Data Race-Free and Speculative Models Zach Pomper Maxwell Johnson

DeNovo: Data Race-Free Model ▪ Modern consistency provides the programmer too much freedom ▪ “Wild shared memory behaviors” ▪ Requires sophisticated, complicated, high-overhead coherence protocols ▪ Coherence can be simplified by moving complexity to the compiler ▪ Compiler can be simplified by restricting the programmer

Deterministic Software ▪ Deterministic Parallel Java ▪ Static checker guarantees code is deterministic ▪ foreach , dobegin ≡ fork/join, each defines a “phase” ▪ “DPJ guarantees that the result of a parallel execution is the same as the sequential equivalent” ▪ Every memory object assigned to named “region” ▪ Every method annotated with read/write “effects” ▪ This is potentially very conservative ▪ Compiler enforces no interference

DeNovo Protocol ▪ Three states: Invalid, Valid (read access), Registered (write access) ▪ L2 lines hold data or, if line is Registered in some L1, that L1’s ID ▪ Zero directory (registry) overhead ▪ Compiler inserts self-invalidation instructions at the end of a phase ▪ Nice HW optimization: Don’t need to invalidate anything we touched in this phase; we already have the current value (by assumption). ▪ Should only invalidate the region accessed in phase

Refinements/Optimizations ▪ Changing the granularity ▪ Can mark each word as valid/invalid, use merge operations ▪ Byte-level granularity possible, but uncommon, so inefficient ▪ Eliminating indirection ▪ Predict which L1 holds the data, request from that instead of L2 ▪ Mispredicts are NACK’d, which is already part of the protocol ▪ Flexible communication granularity ▪ Communication region table can tell HW how data is structured ▪ Allows prefetching w/o modifying protocol

Storage Cost ▪ L1: 12-25% (authors phrase as “1.5-3% of L2”) ▪ Per-word: 4-8 bits ▪ 2 state bits ▪ 1 touched bit ▪ 1 or 5 (or more?) region bits ▪ L2: 3.5% ▪ 1 bit per word, 2 bits (valid & dirty) per line ▪ Vs. in-cache full map directory: 5 bits/line in L1, N bits/line in L2 ▪ Vs. duplicate tag directories: Associative lookup is not scalable ▪ Vs. tagless directories: 3-5% L1 plus state, more invalidations

Performance MW = MESI word-sized DD = DL w/ (perfect) direct cache-to-cache transfer DW = DeNovo word-sized DF = DL w/ flexible communication granularity ML = MESI line-sized DDF = DL w/ both optimizations DL = DeNovo line-sized DDFW = DW w/ both optimizations

Verifiability ▪ Formal verification on a very small network in DeNovo vs.
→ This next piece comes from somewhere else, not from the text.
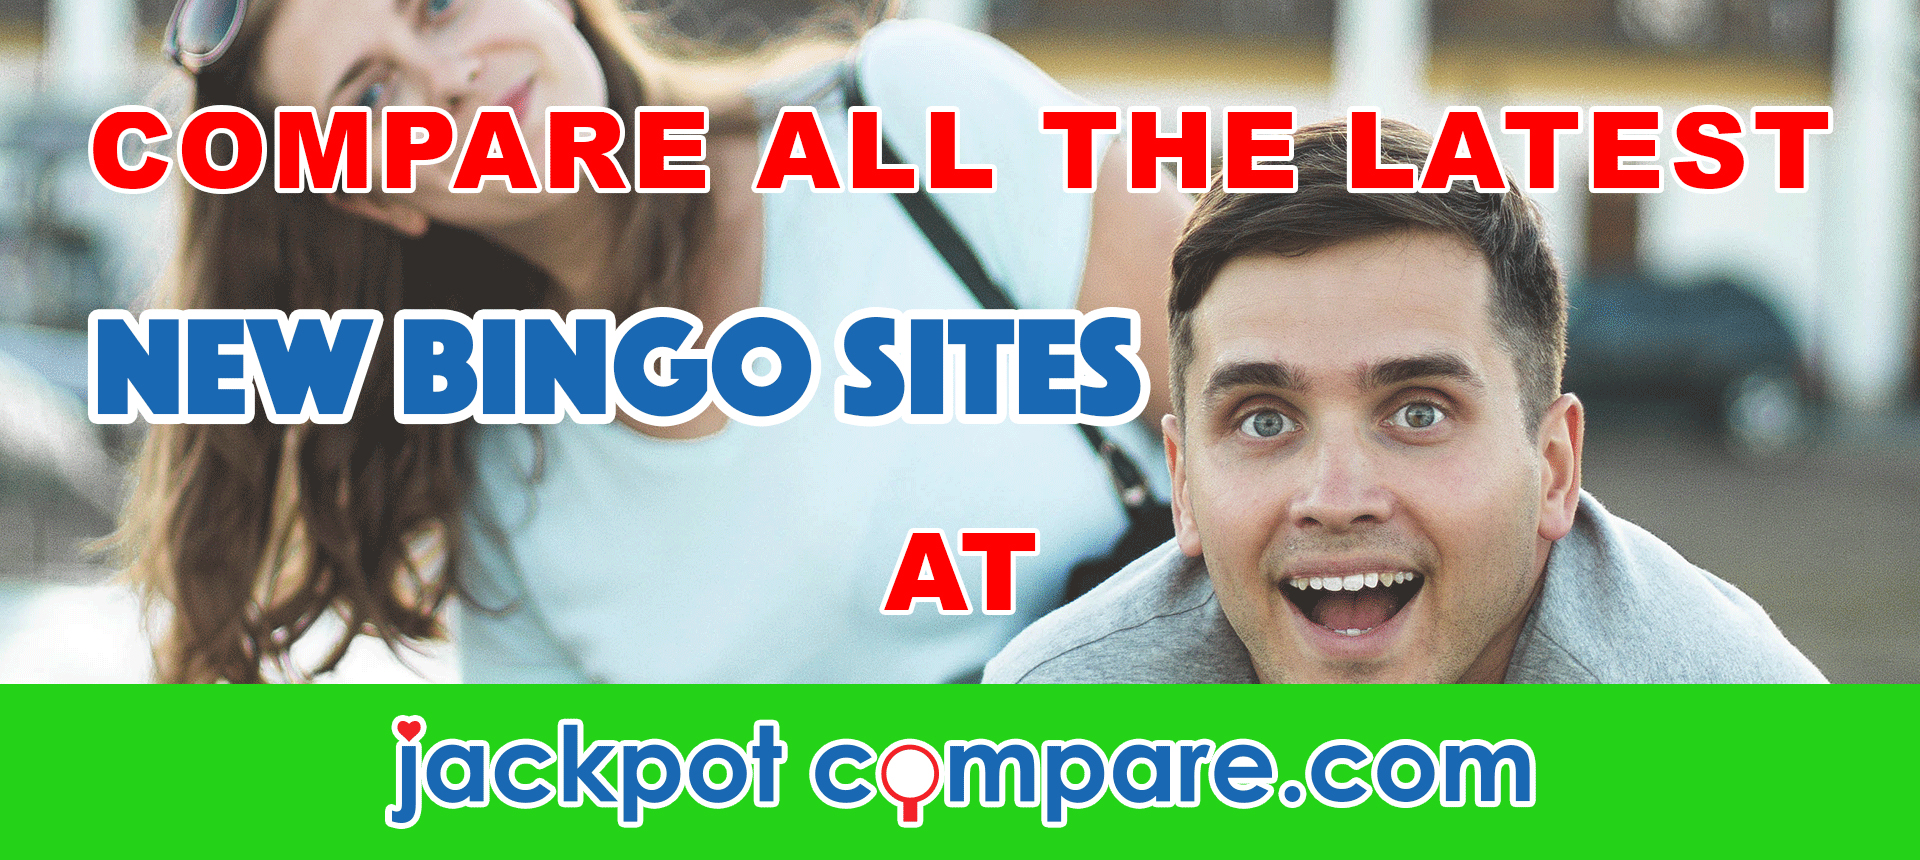 new bingo sites banner advertisement 03
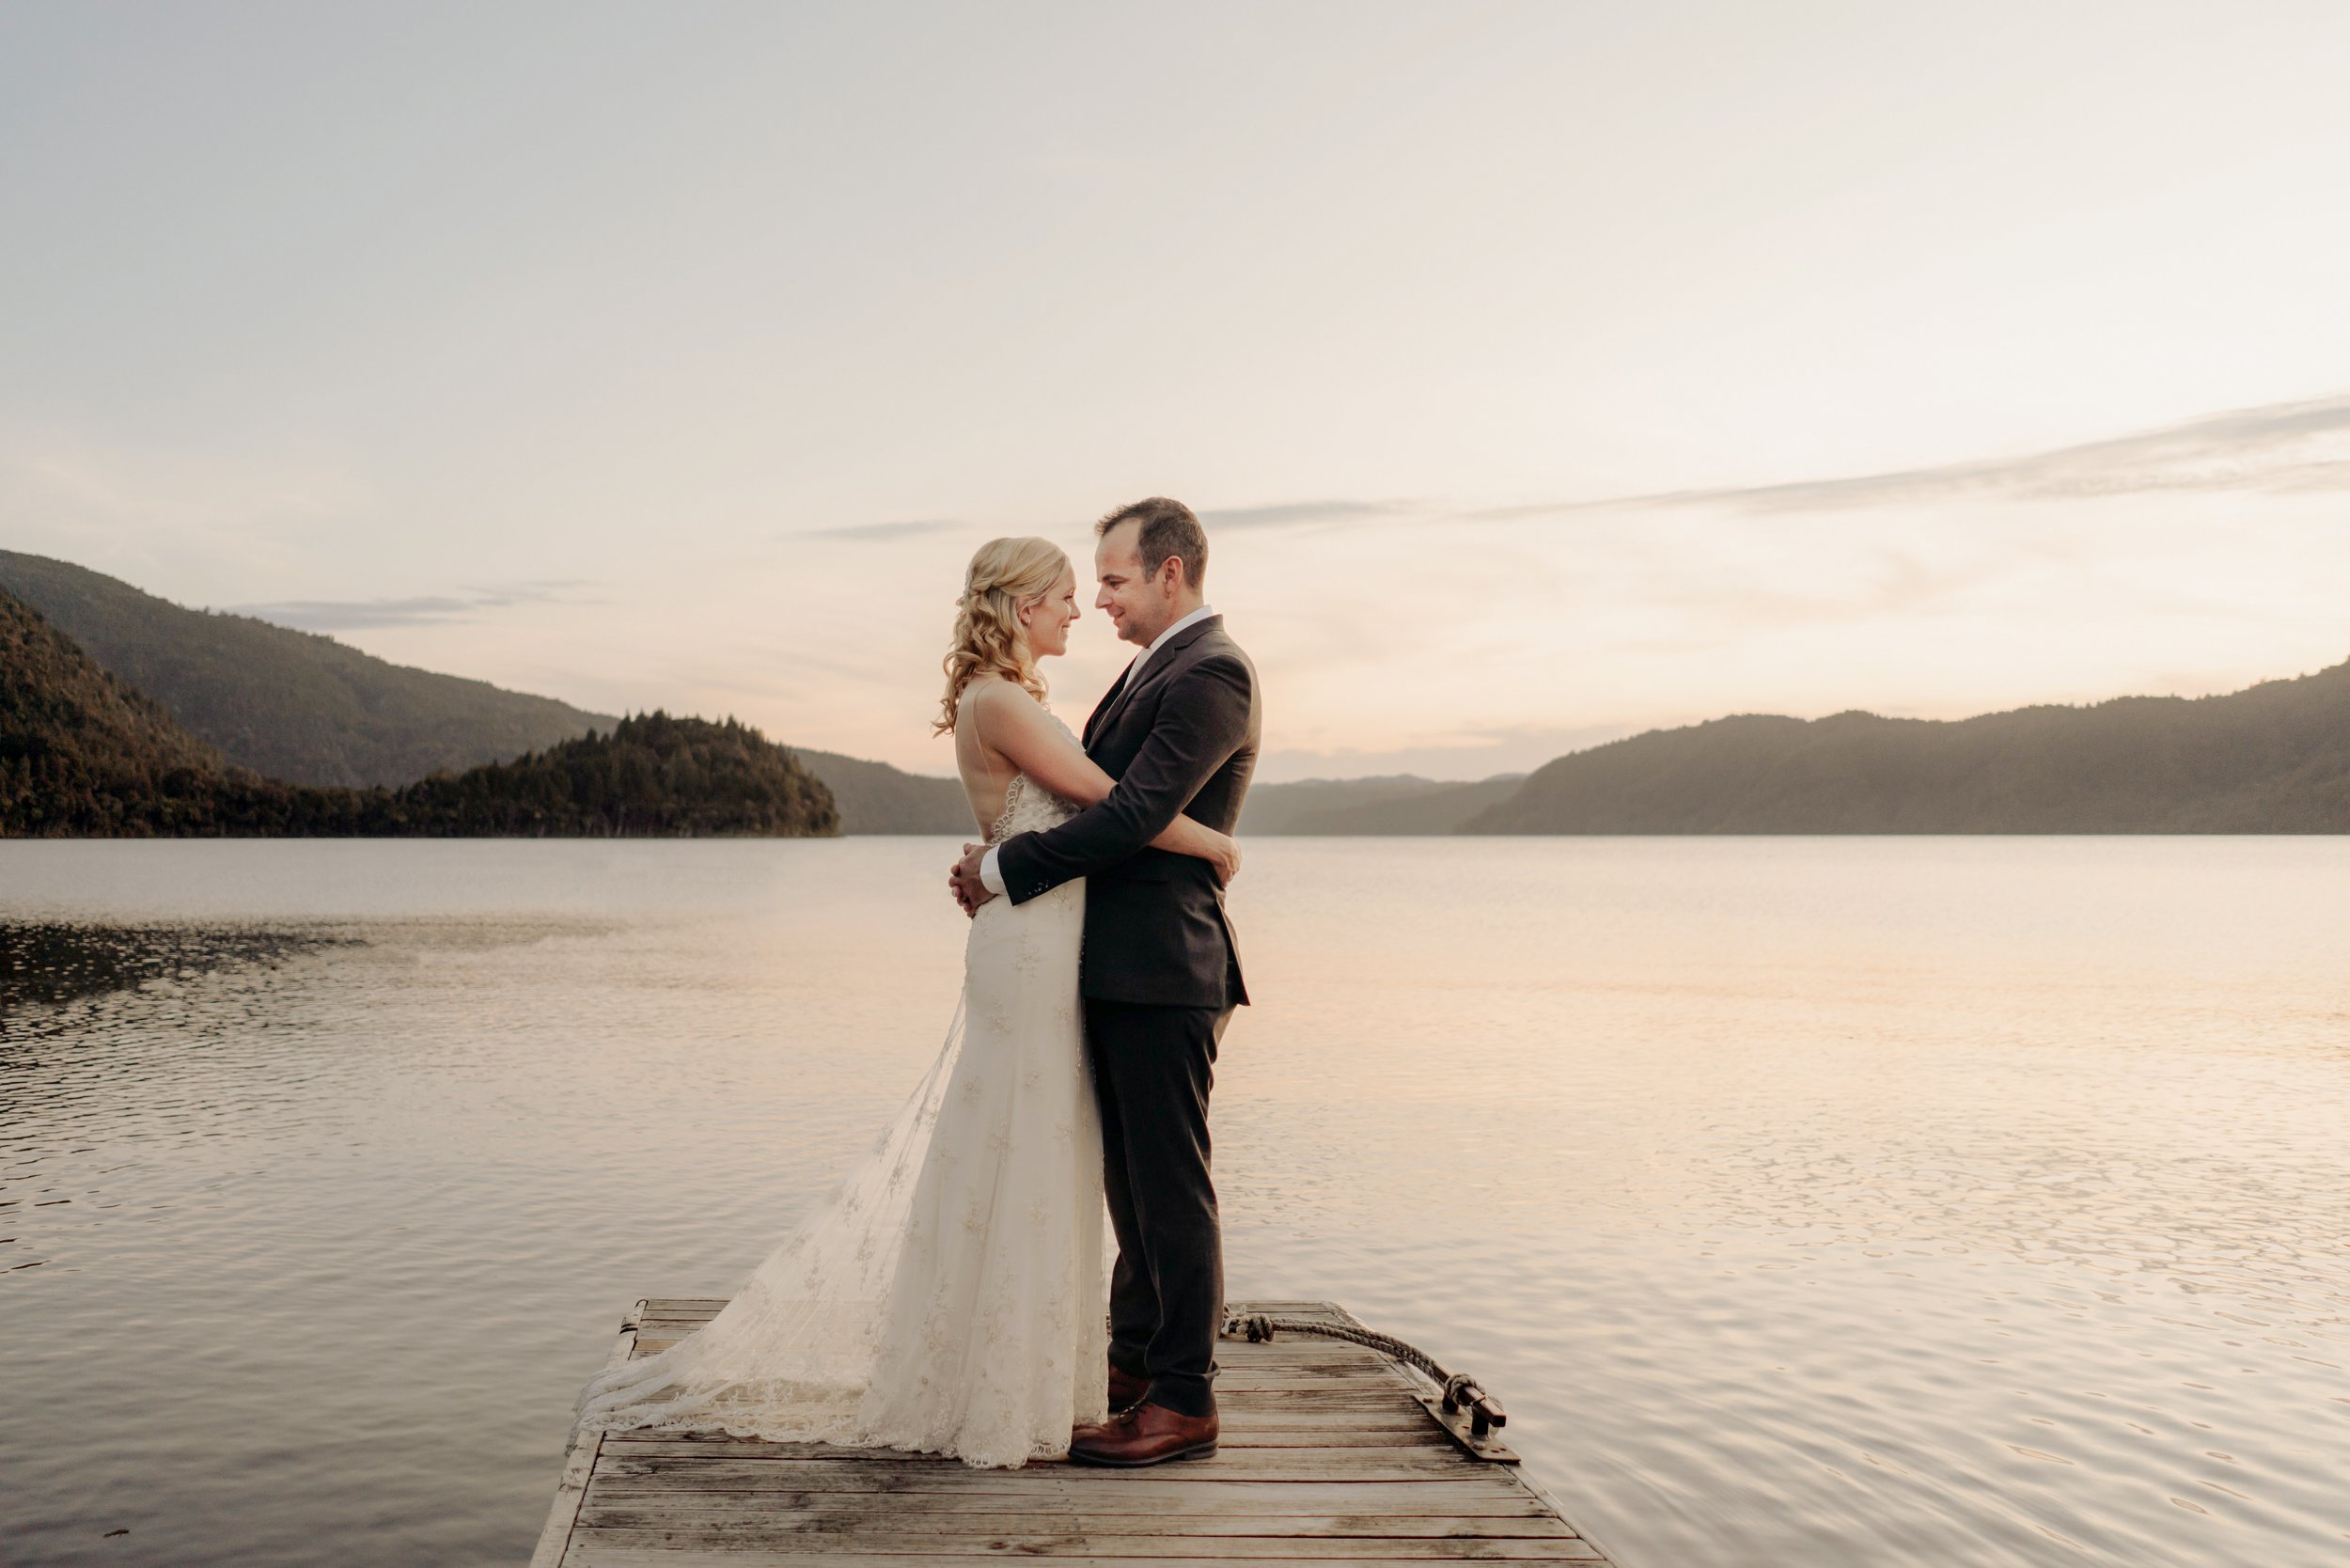  Lakes Lodge Lake Okataina Rotorua Wedding

MESI ▪ Found bugs in both ▪ DeNovo bugs were simple mistranslations ▪ MESI bugs were subtle races ▪ Order of magnitude difference in verification time ▪ DeNovo: 85k states, 9 seconds ▪ MESI: 1,250k states, 173 seconds

A Transaction Memory Model (TCC) ▪ Sequential consistency is slow, weak consistency is difficult to program around ▪ Enter transactions as the memory operation primitive Fundamental principle: ▪ All memory operations now local-only ▪ Operations become visible to other cores only on successful commit ▪ All but one commit fails on conflict, losers retry

Glaring Problems With TCC ▪ Who wins in a given commit conflict? It is difficult to make this decision without starving retries, especially as some commits encompass long instruction sequences ▪ Throughput is exchanged for generality as transactions retry, losing potentially large chunks of work ▪ Long sequences also increase transaction latency, negatively affecting system responsiveness ▪ Commit arbitration requires vast memory bus bandwidth, as conflicting transactions need to coordinate among all cores, i.e. broadcast

Subtler Problems With TCC ▪ Every commit failure will cause a checkpoint rollback -- while this can piggyback off of exception rollback mechanisms, they are typically not designed with performance in mind ▪ Transactions require cache data for each memory operation, this space is potentially unbounded in transaction length ▪ Unclear how to handle numa/exotic interconnects. (It may be prohibitively expensive to wait on some remote cores for commit confirmation/abort.) ▪ Forced to add remote coordination for data-partitioned workloads

Upsides of TCC ▪ Programmers don’t need to be concerned about parallelism. Not even a little bit! ▪ Well okay, all of the usual parallel performance pedagogy still applies, but allowing for longer transactions does allow for the elimination of many/most synchronization primitives. ▪ Cache coherency becomes outmoded, as remote caches no longer need to be coherent -- saves area and implementation complexity ▪ Can reuse existing superscalar mechanisms like instruction windowing to speculate across transaction boundaries

Proposed TCC Implementation ▪ Buffer writes to flush to memory all at once on transaction complete (a commit packet) ▪ Similarly to coherence protocols, snoop the interconnect and check for locally speculated addresses for conflicts with commit packets ▪ Rollback to known-good checkpoint on conflict ▪ Compiler aware of maximum transaction length, but hardware could automatically partition long instruction sequences into sub-transactions ▪ Particular loads/stores could be ‘promised’ to be local-only ▪ Add transaction buffers to do useful work while arbitration is ongoing (expensive)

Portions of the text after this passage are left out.